Financial experts have also expressed their concern for the digital payment provider ecosystem. Naveen Surya, the Chairman Emeritus of the Payments Council of India had this to say:

This announcement of industry bearing MDR would lead to the whole digital payment industry without any business and revenue model.” 

What’s at the Eye of the Storm?

Payment providers have not only lost their only revenue source, but also pay banks every time a customer uses credit cards on their platform.

Unsurprisingly, one prominent payment provider has recently announced that users would have to pay a transaction fee when they refuel their eWallet using their credit card.

With the daily customer having many payment providers to choose from, this provider stands to lose out to competition who decide to absorb the cost, momentarily.

Which begs the question: Does this storm spell the end for existing digital payment providers?

Not if they fire-fight.

Digital payment providers still have their new-found strengths: significant daily user traffic, and more importantly, high-intent, transacting customers. Herein lies an opportunity: the payment provider who rewards existing customers for their daily use, effectively, would be able to make customers willing to pay for this digital convenience.

Easier said than done.

The same payment provider, mentioned above, has begun rewarding their customers with cash back vouchers worth the exact fee, whenever they refuel their eWallet with their credit card. So, has this reward been effective?

Here’s what customers experience if they use a credit card:

  • Transfer ₹10,000 for eWallet recharge from credit card
  • Accept the 2% processing fee 
  • End up transferring ₹10,200 (₹200 as processing charges)
  • Receive ₹200 as a cash back voucher  

Now, things go awry.

  • Customer wants to redeem the cash back voucher worth ₹200 on a bill of ₹170
  • Each voucher can be redeemed only at one go
  • The customer ends up losing a noticeable ₹30  

In an era, where customers prefer clinching multiple rewards for every purchase decision, this experience cannot compete as a rewarding one. The dissonant user experience of paying more, using a credit card, for a one-time voucher of the same amount, actually threatens to drive customers away and explore other payment options.

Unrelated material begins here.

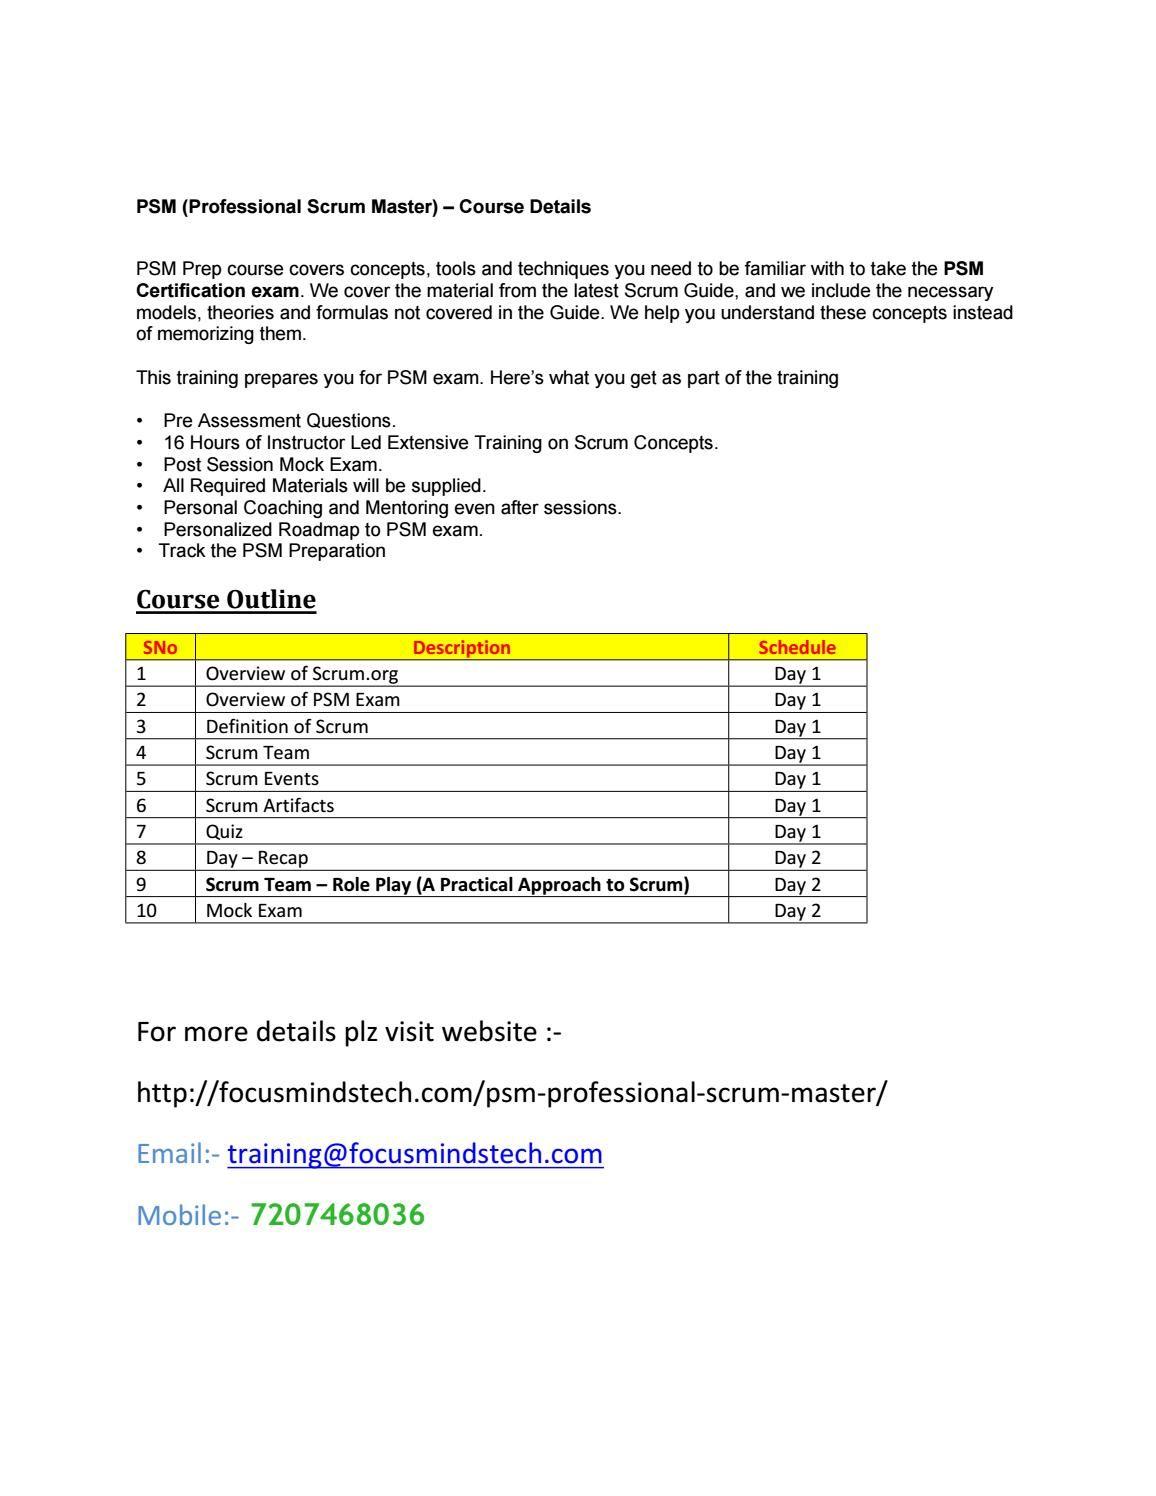 Scrum master psm certification training in hyderabad professional scrum master psm certification training in hyderabad 1betcityfo Images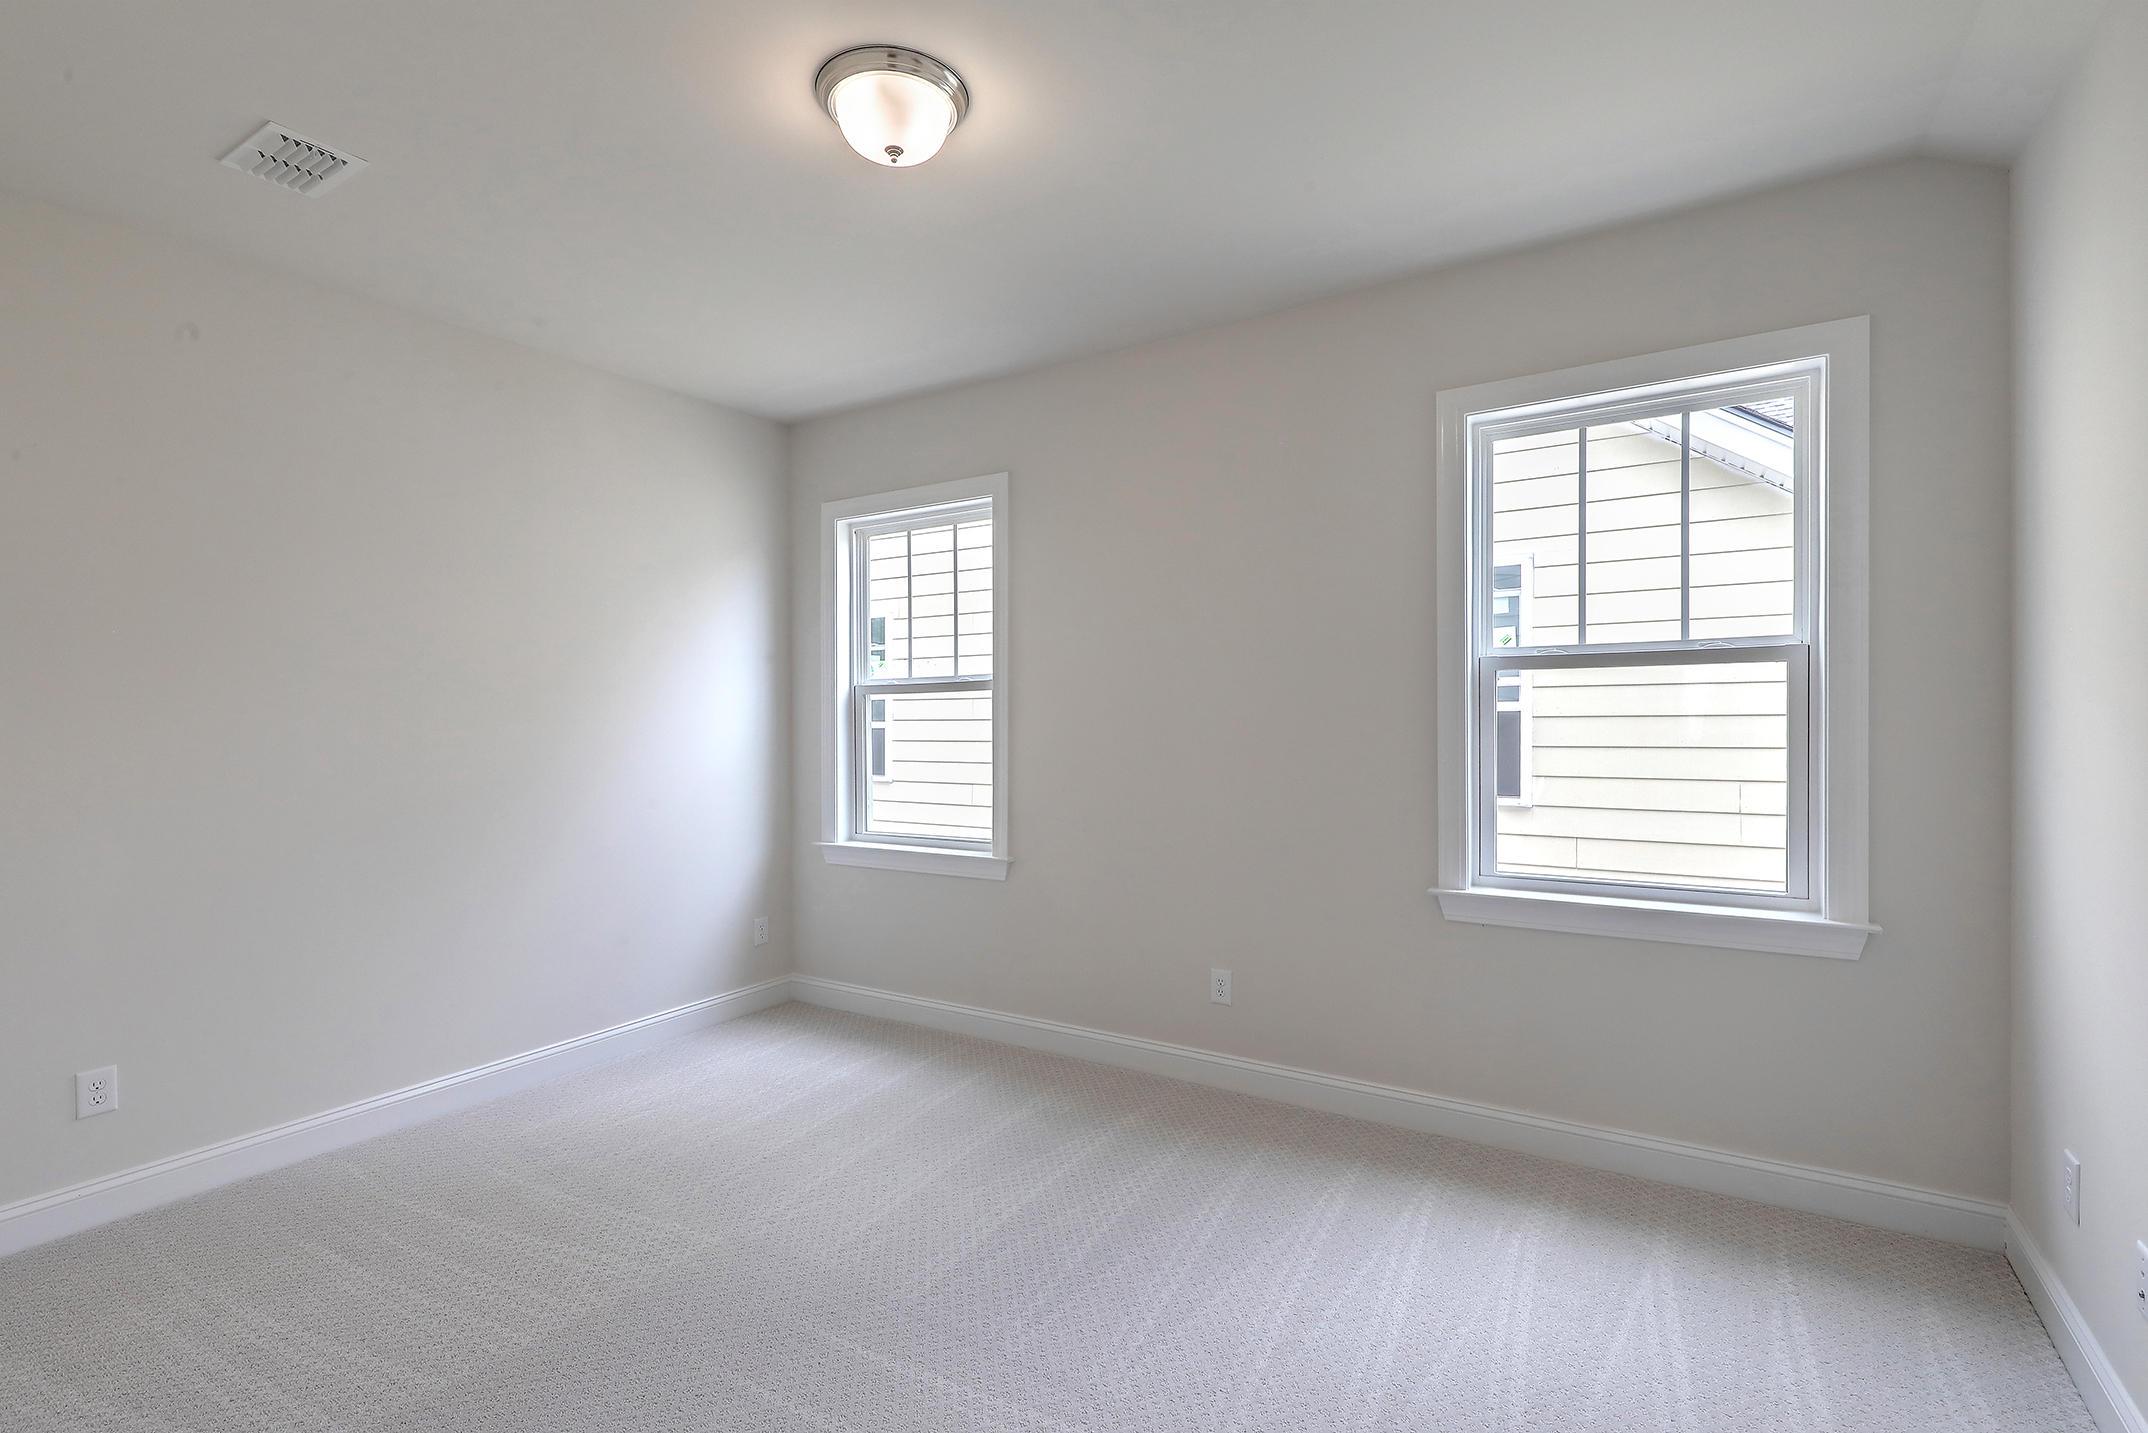 Bentley Park Homes For Sale - 1277 Gannett, Mount Pleasant, SC - 4

And if payment providers place their faith on traditional, momentary rewards to retain customers, this storm can turn catastrophic, depleting their strengths.

Rising above the Storm: Forging a Path with New-found Strengths

Traditional rewards did work when digital payment providers wanted to onboard their first customers, with an instant cash back or attractive offers and discounts on select brands.

However, the perceived value of momentary rewards turns lackluster today, when we take the consumer’s POV.

Let’s look at how banks ousted competition and encouraged customers to transact, with unique benefits for credit card holders. 

This holiday season, they teamed up with retail e-commerce giants to craft premium reward programs (not singular rewards):

  • Customers unlock a whole bevy of rewards, when they choose a specific bank credit card on a retail e-commerce platform.
  • Unique long-term reward bundles are doled out: right from cash backs on bank wallet reloads, to year-long complimentary airport lounge access and exclusive discounts on select luxury brands.
  • Also, customers keep a constant track of increasing credit card reward points for redemption on the bank’s exclusive rewards

This is the secret sauce of credit card providers, the world over. Equipped with impactful reward programs, banks are able to broaden the perceived benefits of their credit card, uniquely in the eyes of the consumer.

And so can digital payment providers. By leveraging their new-found strengths to win strategic partnerships, they can secure a permanent role in a consumer’s daily life, if they are perceived to be more rewarding than the competition. 

Coupled with impactful rewards, digital payment providers are poised to create stable revenue streams that could fuel future investment towards business growth and product innovation. 

And they will emerge successful in the battlefield of the consumer’s mind, even if users have to pay that extra 2%.